# GAMM AG Workshop Computational and Mathematical Methods in Data Science

## Abstracts for the talks

**Marco Cuturi ***Google Brain & Institut Polytechnique de Paris***Supervised Quantile Normalization for Matrix Factorization using Optimal Transport**

We present in this recent work (https://arxiv.org/pdf/2002.03229.pdf) a recent application of our framework to carry out "soft" sorting and ranking using regularized OT. We expand this framework to include "soft" quantile normalization operators that can be differentiated efficiently, and apply it to the problem of dimensionality reduction: we ask how features can be normalized with a target distribution of quantiles to recover "easy to factorize" matrices. We provide algorithms to do this, as well as empirical evidence of recovery.
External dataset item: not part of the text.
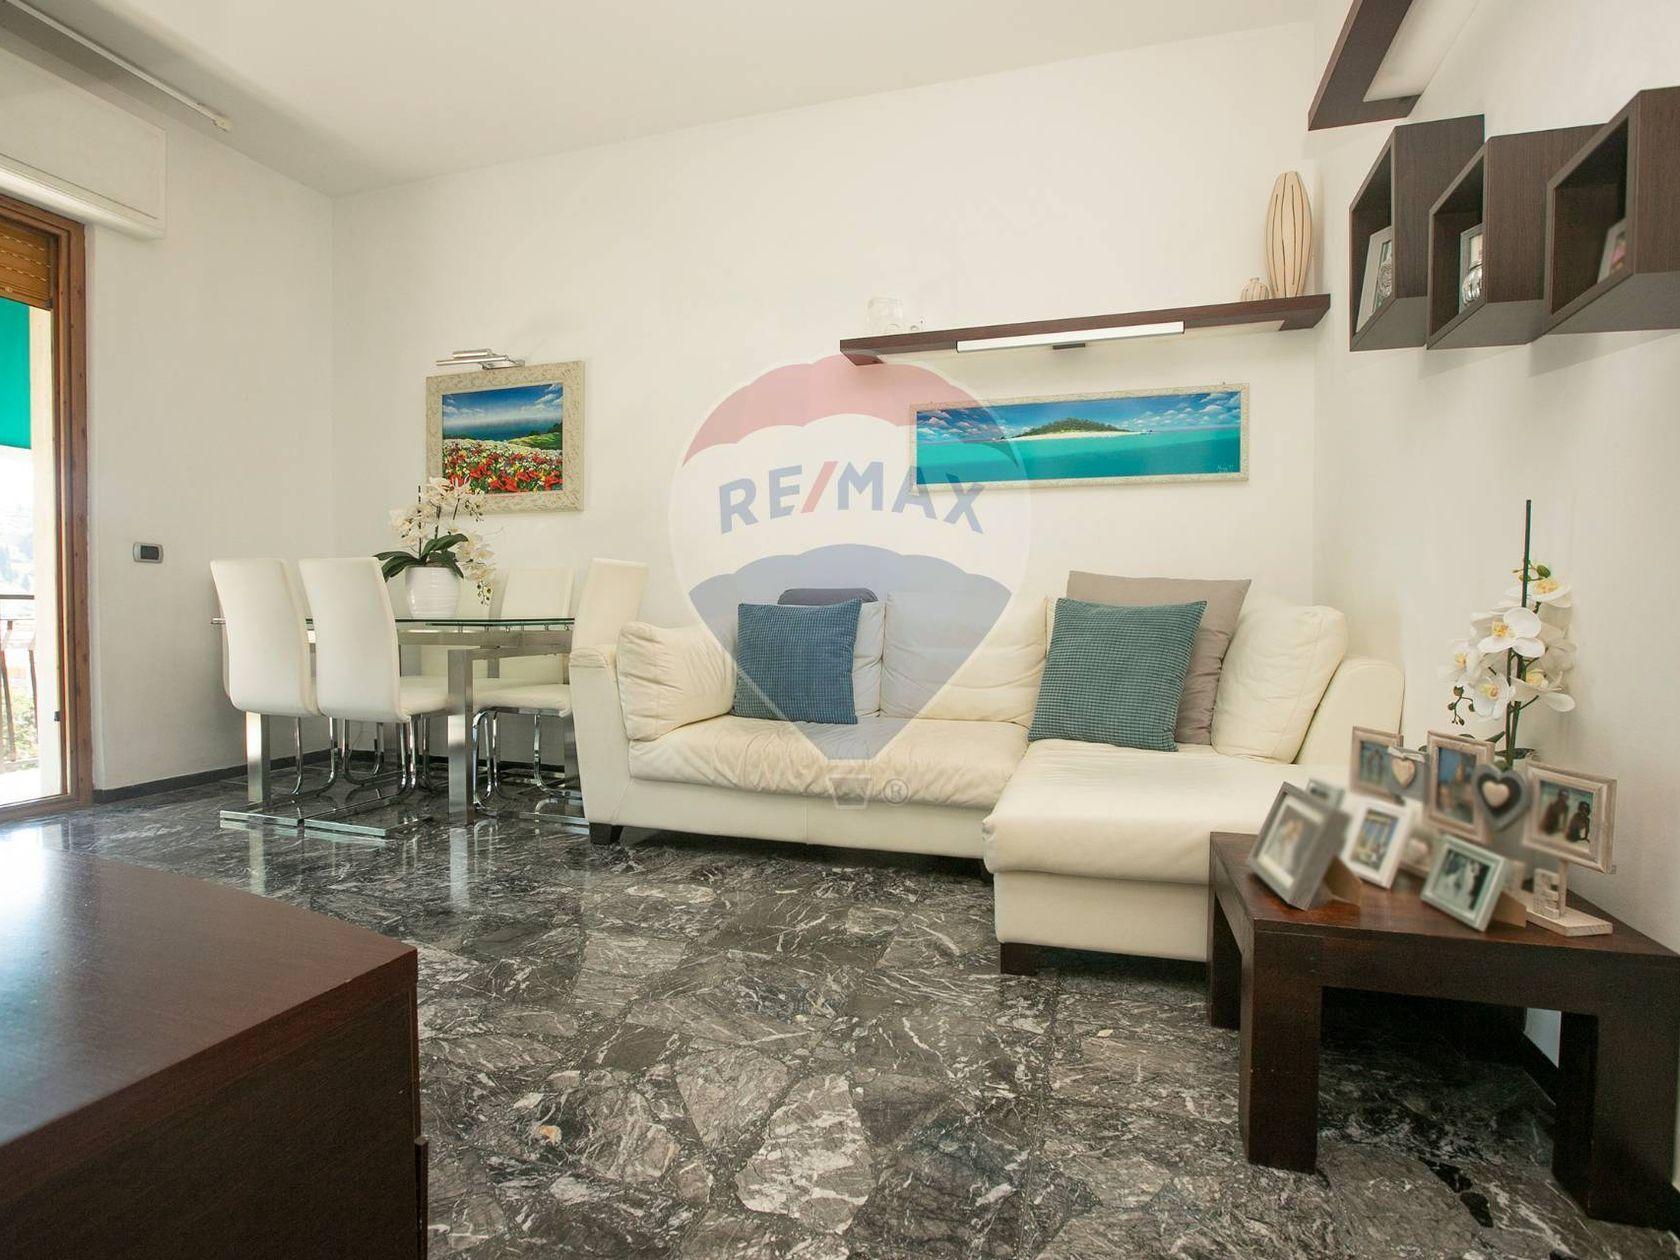 Agenzie Immobiliari A Rapallo appartamento in vendita rapallo 21711052-461 | re/max italia

**Axel Klawonn ***University of Cologne***Machine learning in adaptive domain decomposition methods**

The convergence rate of domain decomposition methods is generally determined by the eigenvalues of the preconditioned system. For second-order elliptic partial differential equations, coefficient discontinuities with a large contrast can lead to a deterioration of the convergence rate. A remedy can be obtained by enhancing the coarse space with elements, which are often called constraints, that are computed by solving small eigenvalue problems on portions of the interface of the domain decomposition, i.e., edges in two dimensions or faces and edges in three dimensions. In the present work, without restriction of generality, the focus is on two dimensions. In general, it is difficult to predict where these constraints have to be computed, i.e., on which edges. Here, a machine learning based strategy using neural networks is suggested to predict the geometric location of these edges in a preprocessing step. This reduces the number of eigenvalue problems that have to be solved during the iteration. Numerical experiments for model problems and realistic microsections using regular decompositions as well as those from graph partitioners are provided, showing very promising results.

This is joint work with Alexander Heinlein, Martin Lanser, and Janine Weber.
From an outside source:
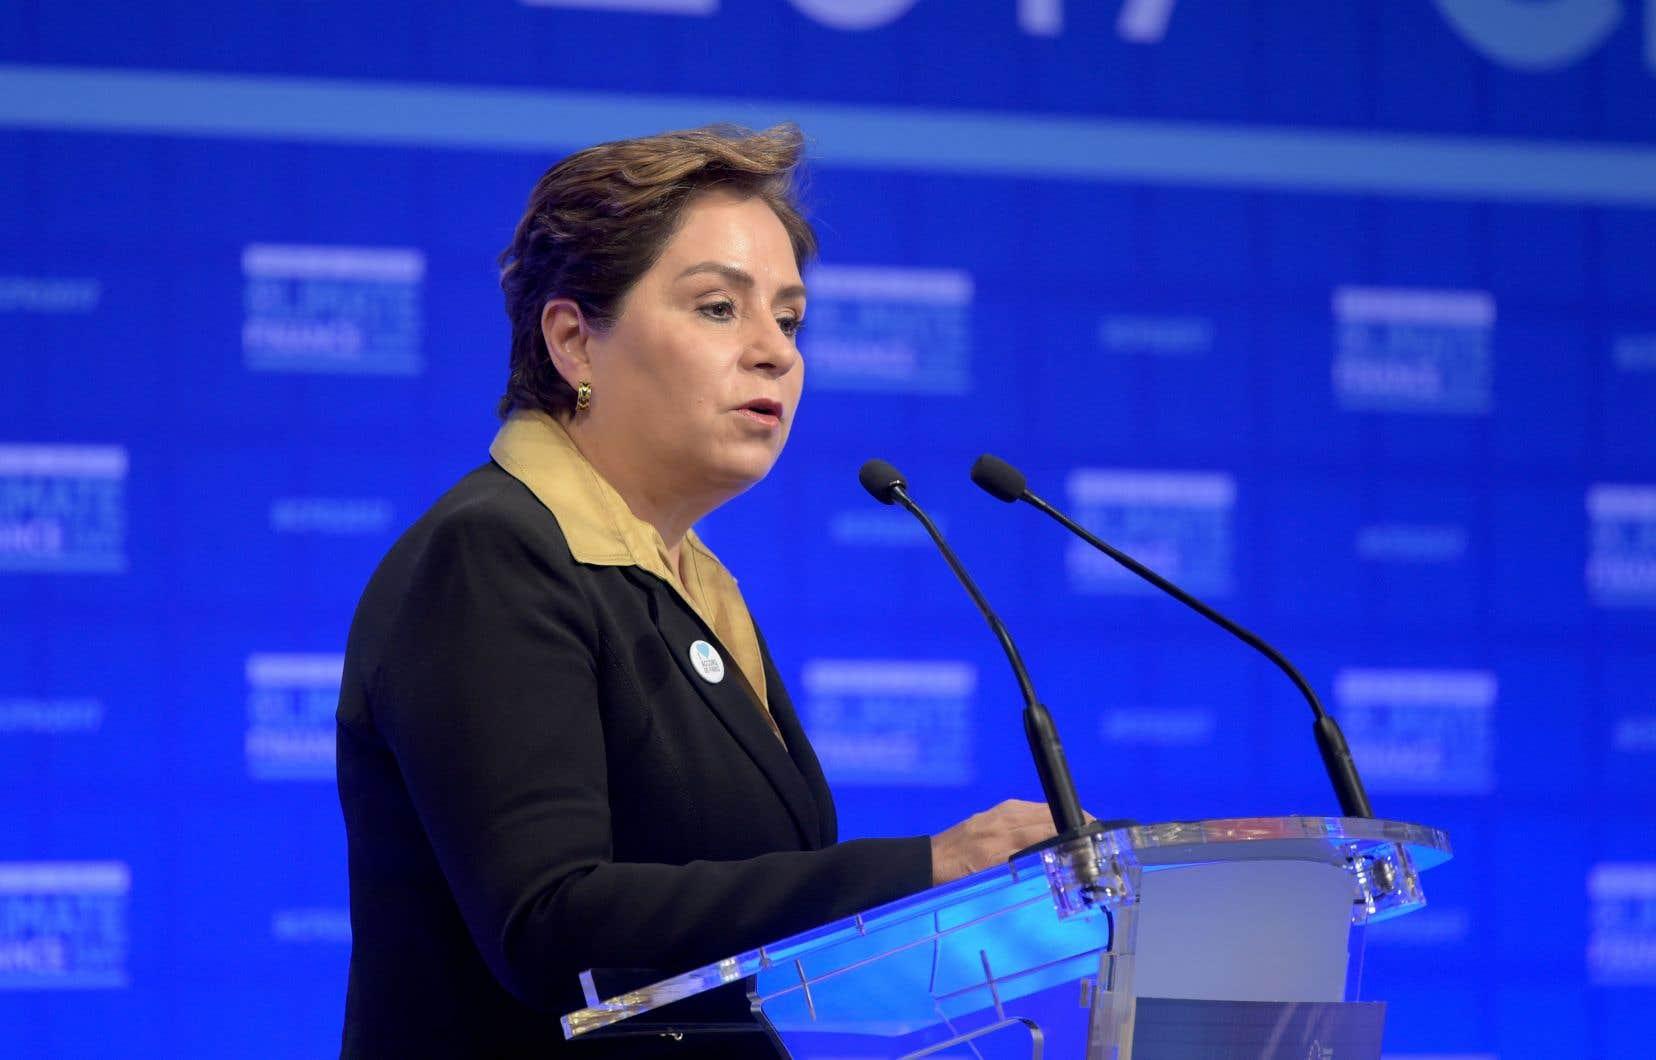 La responsable climat de l'ONU, Patricia Espinosa

**Kathlén Kohn ***KTH Stockholm***Invariant theory and scaling algorithms for maximum likelihood estimation**

The task of fitting data to a model is fundamental in statistics. For this, a widespread approach is finding a maximum likelihood estimate (MLE), where one maximizes the likelihood of observing the data as we range over the model. For two common statistical settings (log-linear models and Gaussian transformation families), we show that this approach is equivalent to a capacity problem in invariant theory: finding a point of minimal norm in an orbit under a corresponding group action. The existence of the MLE can then be characterized by stability notions under the action. This dictionary between invariant theory and statistics has already led to the solution of long-standing questions concerning the MLE of matrix normal models. Moreover, algorithms from statistics can be used in invariant theory, and vice versa.

This talk is based on joint work with Carlos Améndola, Philipp Reichenbach and Anna Seigal.
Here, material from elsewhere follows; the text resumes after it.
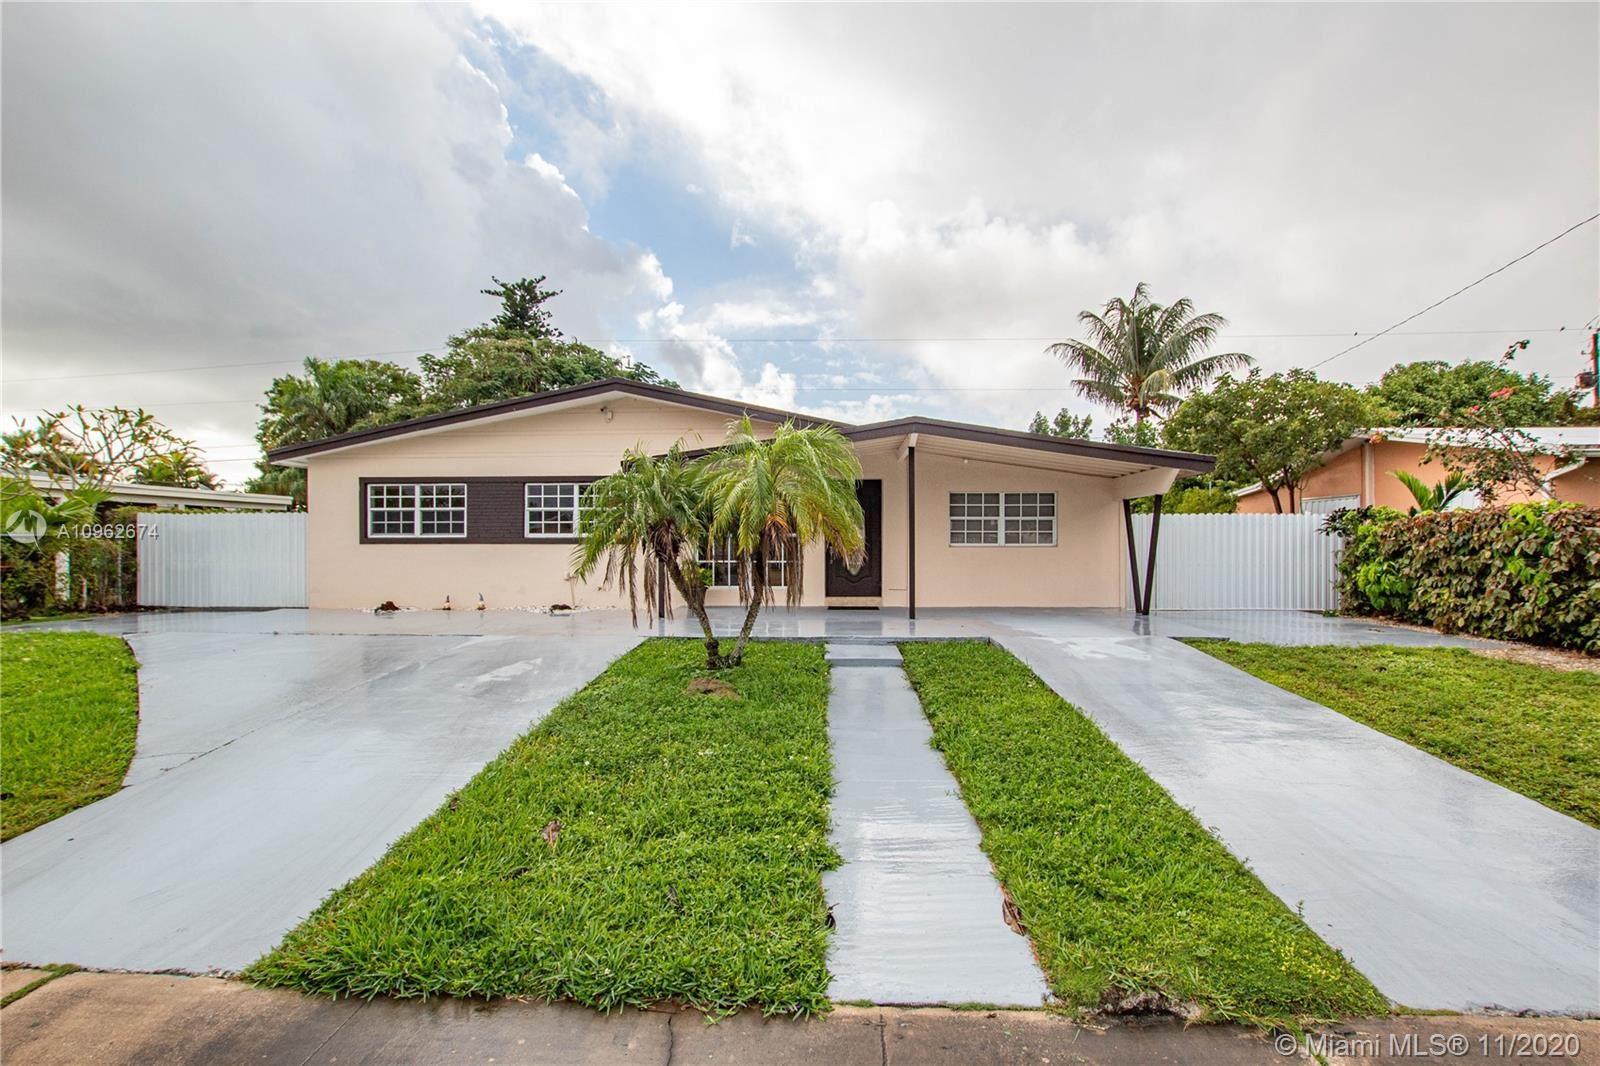 11950 SW 187th Ter, Miami, FL 33177 - #: A10962674

**Daniel Kressner ***EPF Lausanne***Randomized trace estimates for indefinite matrices with an application to determinants**

The need for estimating the determinant of a large-scale symmetric positive definite (SPD) matrix A features prominently in several machine learning tasks, most notably in maximum likelihood estimation for Gaussian process regression. Because of log(det(A)) = trace( log(A) ), estimating the log-determinant is equivalent to estimating the trace of the matrix logarithm. This simple relation allows for the application of Hutchinson's randomized trace estimator, which approximates the trace of a symmetric matrix B by computing the average of x'*B*x for many samples of a random vector x. When estimating determinants, two major obstacles arise: (1) The matrix B=log(A) can be indefinite even when A is SPD. This complicates the analysis; nearly all existing tail bounds only apply to SPD matrices. (2) The exact evaluation of x'*log(A)*x requires the computation of the matrix logarithm, which is expensive. Recent work by Ubaru, Chen, and Saad considers the use of Rademacher random vectors and addresses (1) by shifting the matrix and (2) by using Lanczos quadrature. In this talk, we will explain why the tail bounds obtained from shifting are overly pessimistic. A new bound is presented, which reduces the required number of samples by up to a factor n, where n is the size of the matrix. We will also extend these results to Gaussian random vectors, which requires some careful consideration for the Lanczos quadrature because of the unboundedness of such vectors.

This talk is based on joint work with Alice Cortinovis.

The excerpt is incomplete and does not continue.